Ensayo sobre Arquitectura

[Saggio sopra l’architettura]. Fue publicado por Francesco Algarotti (1712-1764) en Pisa en 175-3 y reimpreso en Liorna en las Obras, 1764-1765; se publicó nuevamente en la edi­ción de Cremona, 1778-1784 y en la de Ve- necia de 1791-1794, que es la mejor, con viñetas de Raffaello Morghen y de Fran­cesco Novelli. El Ensayo aislado fue edi­tado también en Venecia en 1784, con una dedicatoria a Malvasia. En la breve diser­tación se refutan las ideas del padre Cario Lodoli (1690-1761), singular personalidad veneciana que se ocupaba práctica y teó­ricamente de las arte plásticas, especial­mente de arquitectura, y se anticipó a Semper sosteniendo el «motivo racional del estilo, en el espíritu del racionalismo ilus­trado de su tiempo» (Schlosser).

Insiste so­bre la función del material en el estilo, condenando la costumbre, prevaleciente des­de los tiempos más antiguos, de ocultar el material para que parezca otro; sostiene, con un sentido muy moderno de la arqui­tectura, que la función vital del edificio se debe expresar claramente en su representa­ción; por tanto hay que evitar, entre otras cosas, las llamativas fachadas ornamenta­les que disfrazan un armazón que no les corresponde. Ello implica en el pensador, además de una actitud anti barroca, una po­sición de escepticismo hacia la antigüedad, a la que Lodoli reprocha, en el momento del más robusto clasicismo, la irracional trans­ferencia de los sistemas estructurales de madera a los de piedra. Ahora Algarotti, refutando como dijimos, pero también ex­plotando dialécticamente los conceptos lodolianos, se opone a la idea que en un edi­ficio debe verse solamente lo que es par­te integrante, y que es «afectación y fal­sedad» todo lo que no es tal. Esta tesis, dice, induciría al arte a ser más raciona­lista que la naturaleza, que, «habiendo adornado con penachos las cabezas de nu­merosos animales, y haciendo cosas simi­lares sin ninguna utilidad ^ práctica», de­muestra complacerse también en todo lo que es puro adorno.
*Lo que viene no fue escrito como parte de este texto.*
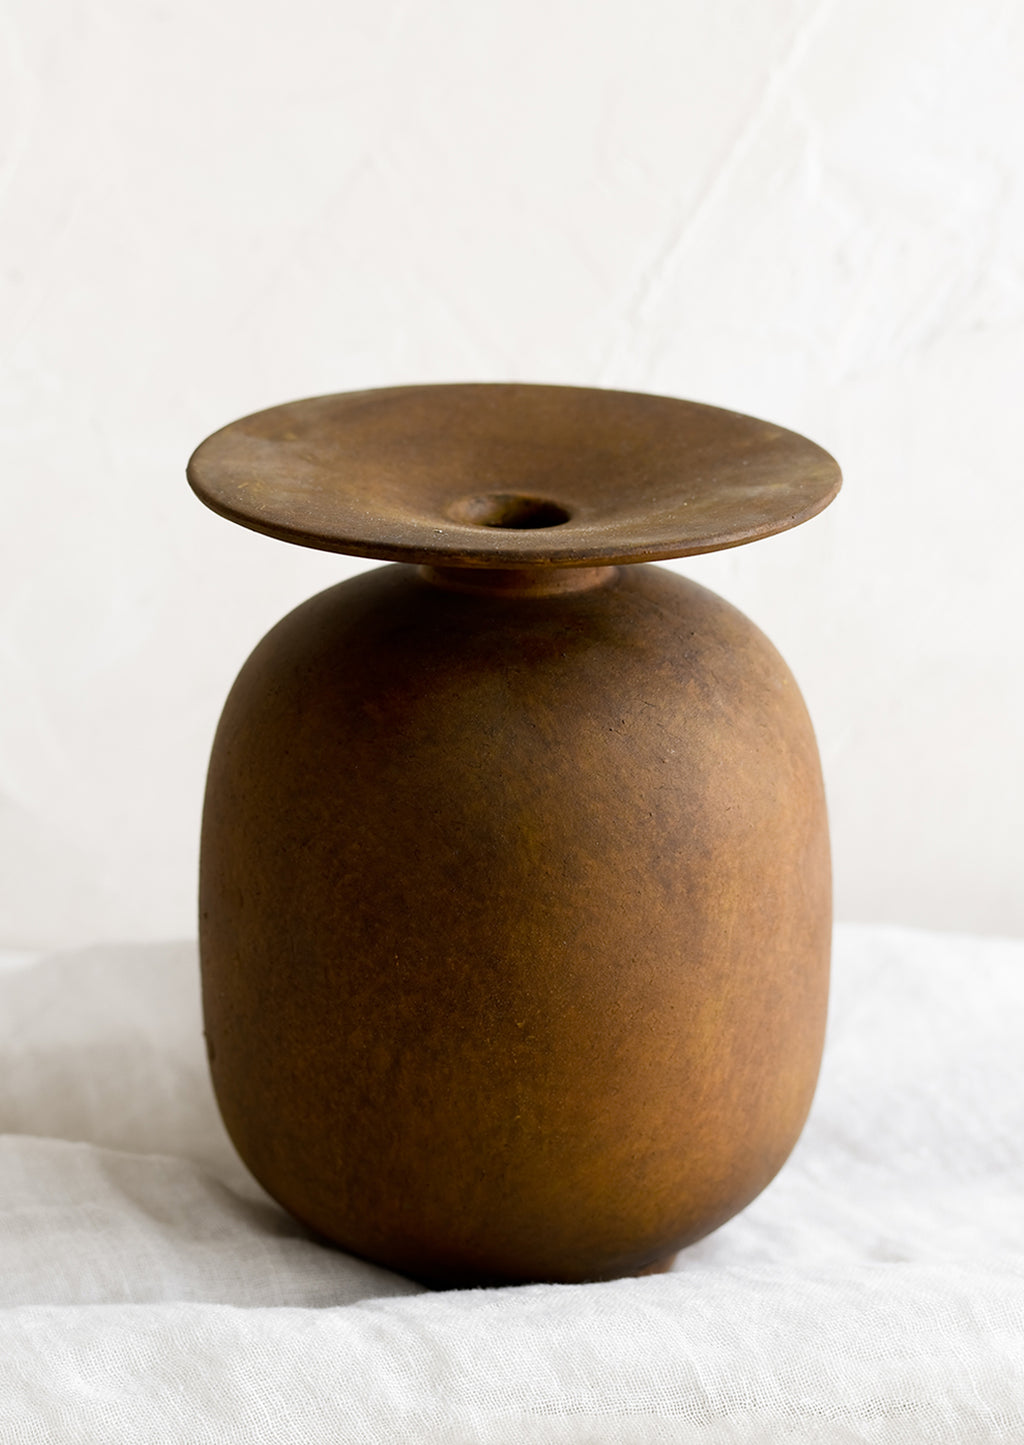 1: A brown distressed ceramic vase with saucer-like top.

En contra de ella, ade­más, está la obra de los mejores arquitec­tos, de Vignola, por ejemplo, y Palladio. De la coincidencia de «función» y «representa­ción» se derivarían en efecto «unas conse­cuencias demasiado terribles», ya que todos, o casi todos, los edificios considerados hasta ahora como «modelos del arte», deberían ser condenados. Por lo que se refiere a la idea de Lodoli que nada es más absurdo que hacer creer que un material es otro, Algarotti, apoyado en la autoridad de Vitruvio, sostiene que, implicando la arqui­tectura un fin originario de protección del hombre contra la intemperie, necesidad que en un principio cubrieron los árboles, la madera fue el primer material empleado. Tal uso originario imprimió a las estructu­ras caracteres esenciales, de los que los arquitectos no supieron emanciparse por completo, ni siquiera cuando la piedra y los ladrillos llegaron a ser el medio construc­tivo habitual.
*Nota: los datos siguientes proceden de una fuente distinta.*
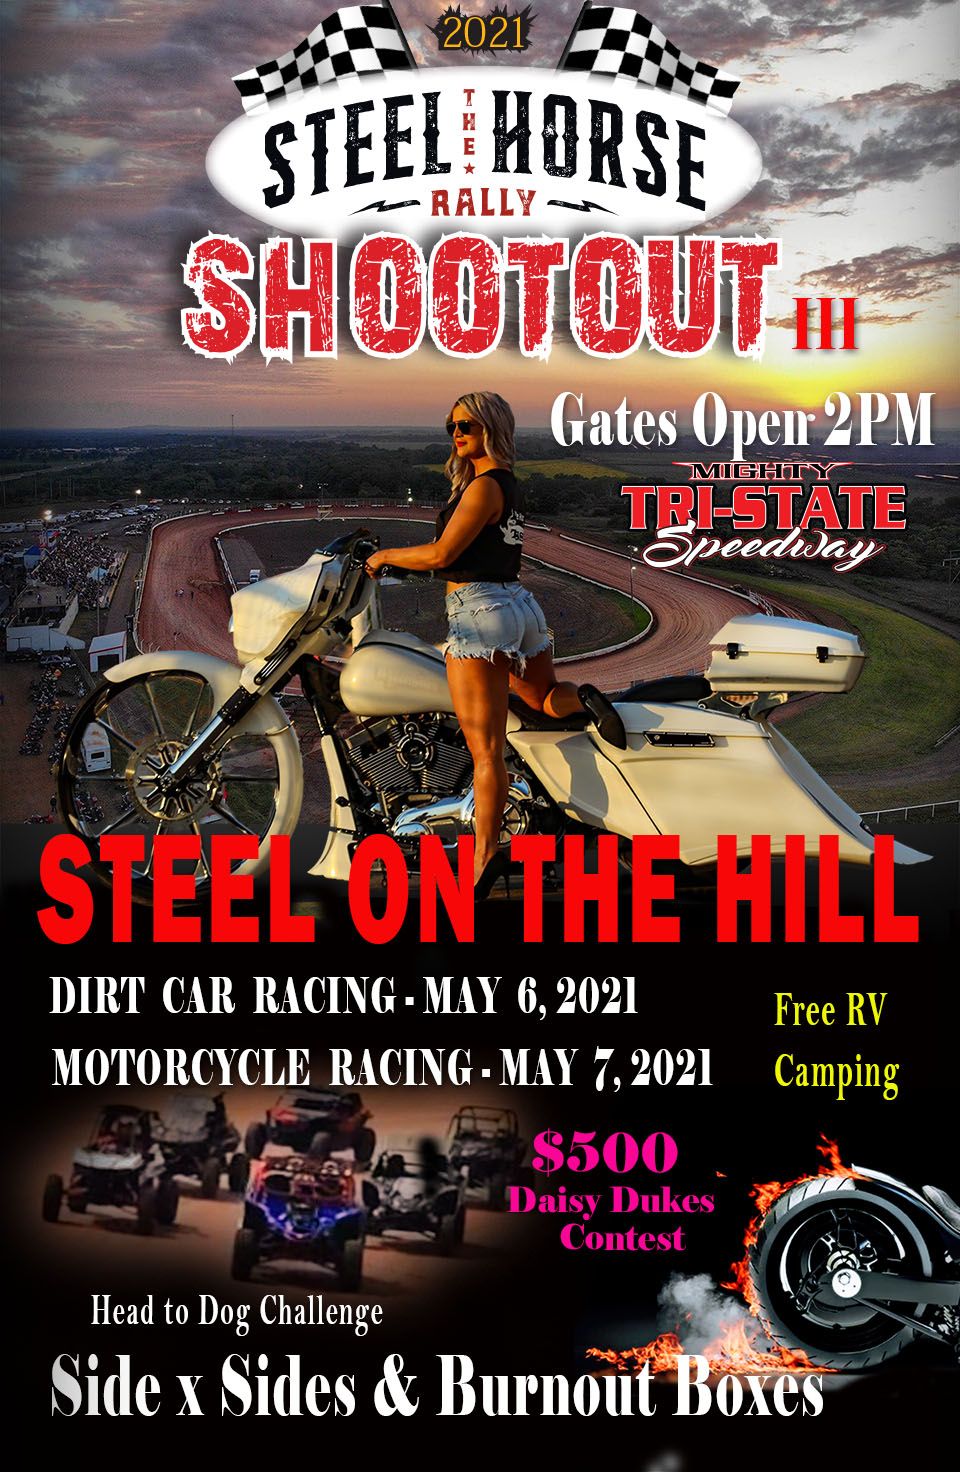 The Steel Horse Shootout III TriState Speedway

La parte del tratado en que Algarotti lleva a cabo la verdadera refu­tación de las ideas de Lodoli está plantea­da sobre las discutibles objeciones que son habituales. Parte viva es más bien la enun­ciación, aunque discontinua, de las ideas de Lodoli. Como éste no dejó nada escrito, el Ensayo sobre arquitectura contribuye a hacernos conocer sus ideas que sistemáti­camente fueron ilustradas más tarde por el procurador veneciano Andrea Memmo (v. Elementos de arquitectura lodoliana). En este Ensayo Algarotti aparece como un escritor fácil y suelto, en cuyo estilo se notan claramente las influencias de los en­sayistas franceses contemporáneos; es autor, en cuanto al tema, no muy profundo, aunque de lectura fácil y especialmente un ágil y plausible divulgador de las ideas ajenas.